[Collected data entries]
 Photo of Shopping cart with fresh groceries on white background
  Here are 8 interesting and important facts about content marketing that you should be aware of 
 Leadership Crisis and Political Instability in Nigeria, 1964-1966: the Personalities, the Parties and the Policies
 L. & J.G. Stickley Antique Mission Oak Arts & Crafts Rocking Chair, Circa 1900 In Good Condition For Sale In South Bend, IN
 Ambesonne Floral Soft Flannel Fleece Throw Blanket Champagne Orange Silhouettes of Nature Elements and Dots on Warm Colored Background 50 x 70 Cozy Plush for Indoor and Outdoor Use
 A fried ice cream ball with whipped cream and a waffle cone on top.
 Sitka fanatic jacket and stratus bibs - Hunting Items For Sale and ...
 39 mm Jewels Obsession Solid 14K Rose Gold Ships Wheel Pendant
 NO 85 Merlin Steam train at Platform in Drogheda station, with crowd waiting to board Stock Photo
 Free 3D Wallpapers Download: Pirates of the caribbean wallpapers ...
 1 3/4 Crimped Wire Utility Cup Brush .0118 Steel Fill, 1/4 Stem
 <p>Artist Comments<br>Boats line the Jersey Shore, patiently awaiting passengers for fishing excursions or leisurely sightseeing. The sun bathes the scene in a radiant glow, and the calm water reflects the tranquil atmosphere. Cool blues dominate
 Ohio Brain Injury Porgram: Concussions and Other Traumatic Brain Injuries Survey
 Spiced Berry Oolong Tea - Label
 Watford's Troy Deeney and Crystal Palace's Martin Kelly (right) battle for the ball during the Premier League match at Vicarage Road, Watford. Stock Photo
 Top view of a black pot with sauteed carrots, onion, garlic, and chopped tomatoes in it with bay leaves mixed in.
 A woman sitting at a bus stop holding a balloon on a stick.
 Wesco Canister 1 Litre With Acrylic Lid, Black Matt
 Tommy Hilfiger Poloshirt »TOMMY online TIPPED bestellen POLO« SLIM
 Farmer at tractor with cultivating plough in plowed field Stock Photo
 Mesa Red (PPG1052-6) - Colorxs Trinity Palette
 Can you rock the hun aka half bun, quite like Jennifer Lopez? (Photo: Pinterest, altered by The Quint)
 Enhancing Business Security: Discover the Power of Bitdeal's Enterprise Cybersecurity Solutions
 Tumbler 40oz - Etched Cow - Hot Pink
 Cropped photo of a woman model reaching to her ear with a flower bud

Assignment
Of all the entries above, repeat only the lines from the line that has "39 mm Jewels" to the line that has "Watford's Troy Deeney", both lines included, exactly.

Solution to this problem
 39 mm Jewels Obsession Solid 14K Rose Gold Ships Wheel Pendant
 NO 85 Merlin Steam train at Platform in Drogheda station, with crowd waiting to board Stock Photo
 Free 3D Wallpapers Download: Pirates of the caribbean wallpapers ...
 1 3/4 Crimped Wire Utility Cup Brush .0118 Steel Fill, 1/4 Stem
 <p>Artist Comments<br>Boats line the Jersey Shore, patiently awaiting passengers for fishing excursions or leisurely sightseeing. The sun bathes the scene in a radiant glow, and the calm water reflects the tranquil atmosphere. Cool blues dominate
 Ohio Brain Injury Porgram: Concussions and Other Traumatic Brain Injuries Survey
 Spiced Berry Oolong Tea - Label
 Watford's Troy Deeney and Crystal Palace's Martin Kelly (right) battle for the ball during the Premier League match at Vicarage Road, Watford. Stock Photo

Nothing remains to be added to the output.